Es ist Nacht auf den Feldern Bethlehems. Einige Hirten hüten dort ihre Herden. Worüber mögen sie sprechen? Über die Volkszählung des Kaisers? Über ihre Messias-Erwartungen? Wir wissen es nicht. Doch es ist gut möglich. Doch plötzlich werden sie aus ihren Gedanken gerissen. Da tritt ein Engel zu ihnen und spricht: „Fürchtet euch nicht! Denn siehe, ich bringe euch frohe Nachricht von großer Freude, die dem ganzen Volk gilt. Denn es ist heute in der Stadt Davids ein Retter geboren, welcher der Messias, der Herr ist“ (Lukas 2,10-11). Da sind auf einmal alle Probleme und Sorgen gebannt. Die Flut der Sorgen und der Zerstörung scheint stillzustehen. Der Messias ist endlich da! Das ist die Frohe Botschaft, das Evangelium. Jetzt wird Gott herrschen. Doch nicht nur dem Volk gilt die Botschaft, sondern allen Menschen. „Herrlichkeit bei Gott in den Höhen und Frieden auf Erden unter den Menschen des Wohlgefallens“ (Lukas 2,14). Gott erzeigt seine Barmherzigkeit an allen Menschen, darum schenkt er den Messias für alle.

Doch jetzt kam der Messias nicht, um von den äußeren Umständen zu Befreien, sondern „er wird sein Volk retten von ihren Sünden“ (Matthäus 1,21). Das sagte der Engel zu Joseph, als er die Geburt Jesu vorhersagte. Der Messias würde jetzt beginnen Gottes Reich aufzurichten, doch erst auf eine andere Art und Weise, wie es sich die Juden vorstellten. „Denn Gott hat seinen Sohn nicht in die Welt ge-sandt, um die Welt zu richten, sondern, damit die Welt durch ihn gerettet wird“ (Johannes 3,17). Denn wir erinnern uns: Zuerst muss der Mensch von seiner Sünde erlöst werden, damit er an Gottes Reich teilhaben kann.

Doch wie richtete Gott durch dieses kleine Kind sein Reich auf und worin bestand sein Reich?

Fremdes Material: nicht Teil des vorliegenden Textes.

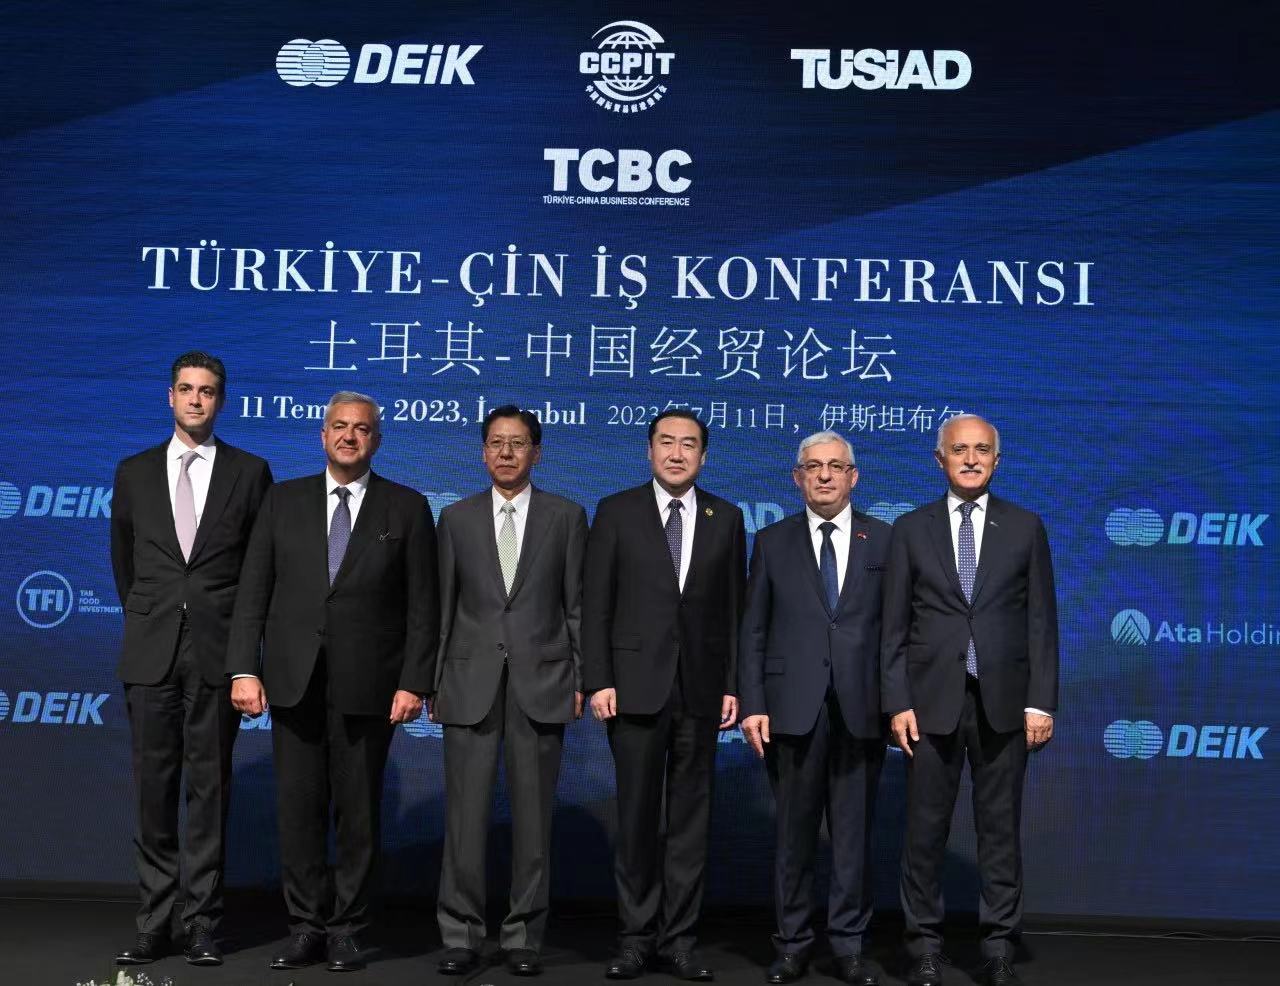 Chinese Ambassador to Turkey Liu Shaobin (third left), vice chairman of China Council for the Promotion of International Trade (CCPIT) Zhang Shaogang (third right) and Turkish Ambassador to China, Ismail Hakki Musa (second right) Photo: Courtesy of the Turkish Embassy in Beijing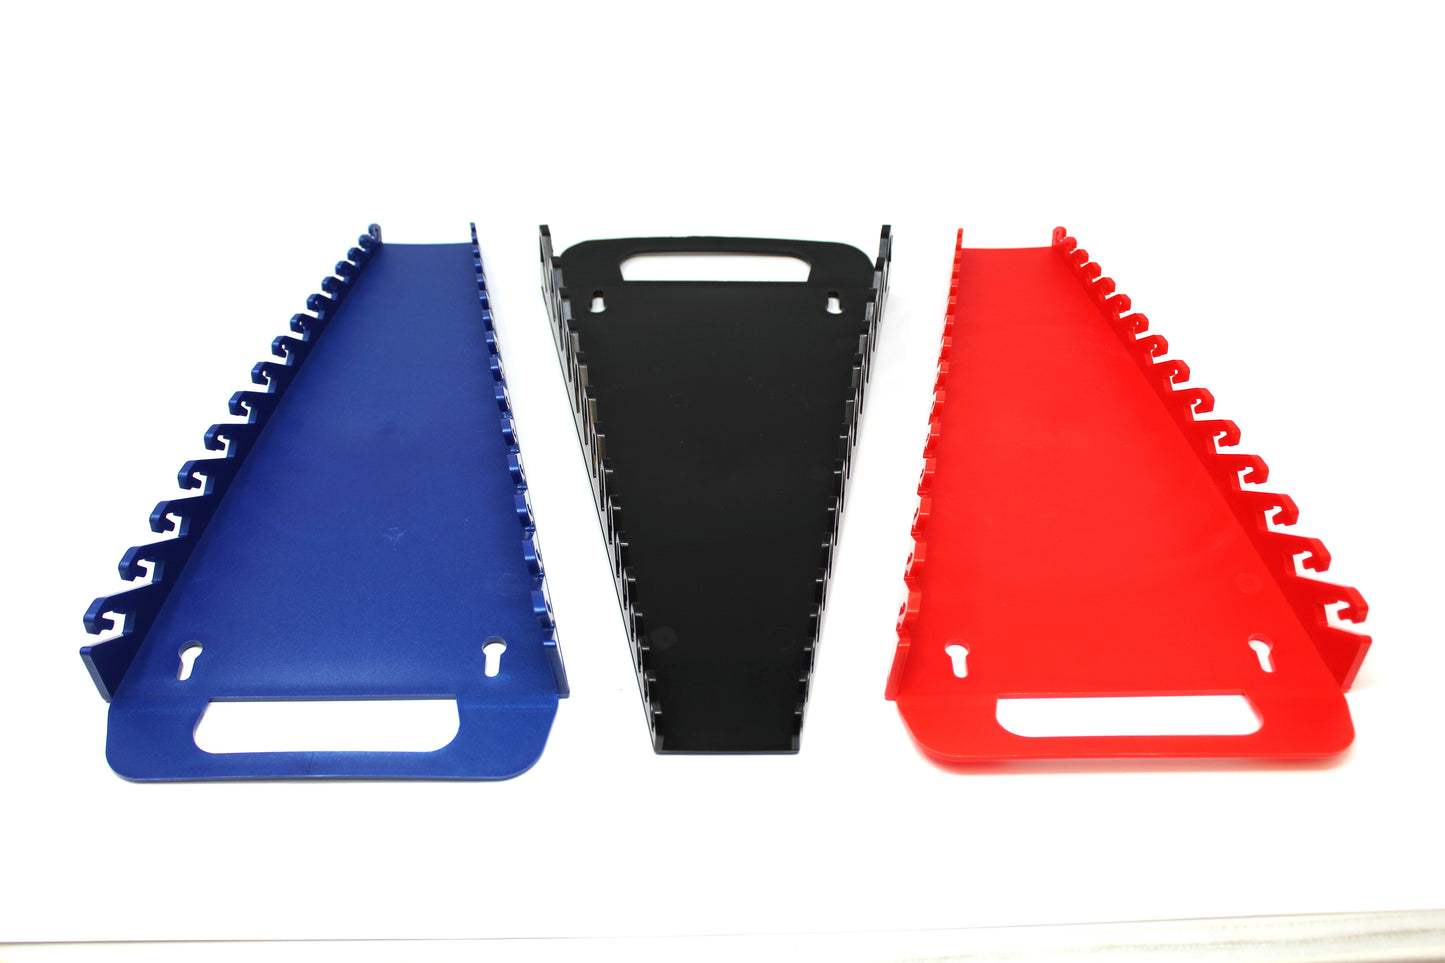 15-Tool Plastic Portable Wrench Gripper Organizer Holder Tool Tray -Multi Color

Richten wir unsere Blicke zuerst auf Karfreitag. Gott sendet seinen Sohn in die kaputte und zerbrochene Welt. Doch damit nicht genug. Er kommt auch noch in einem menschlichen Körper, nämlich an Weihnachten. Als er am Kreuz hängt, da nimmt er all das Böse, das die Welt und uns zerstört, auf sich, auch unsere Krankheiten, Schmerzen und Schuld. Er warf sich vor den zerstörerischen Strom. Dort am Kreuz richtete Gott die Sünde, die uns beherrscht. All das Böse nahm er mit sich ins Grab. Jesus nahm die Macht der Sünde, des Bösen und des Todes auf sich – und damit folgt es ihm ins Grab. Doch wo eine alte Welt besiegt, wo das Böse überwunden ist, ist noch keine neue, gute Welt entstanden. Wo ein altes Reich vernichtet ist, ist darum noch kein neues Reich erschaffen. Darum reicht der TodJesu als Erklärung noch nicht aus.

Doch wir müssen nur wenige Tage warten, dann ergibt sich die Erklärung aus einem Ereignis heraus. Die aufgehende Morgensonne wird an diesem Tag überstrahlt von einem noch viel hellerem Licht – dem Auferstanden Messias. Er hat das alte, das Böse, die Sünde im Grab gelassen und tritt heraus mit einem neuen Leib, nicht mehr vom Tode beherrscht, der Sünde nicht unterlegen. Es ist der Beginn eines neuen Reiches, ein Reich in dem Gott selbst herrscht, befreit von der bösen Macht des Todes.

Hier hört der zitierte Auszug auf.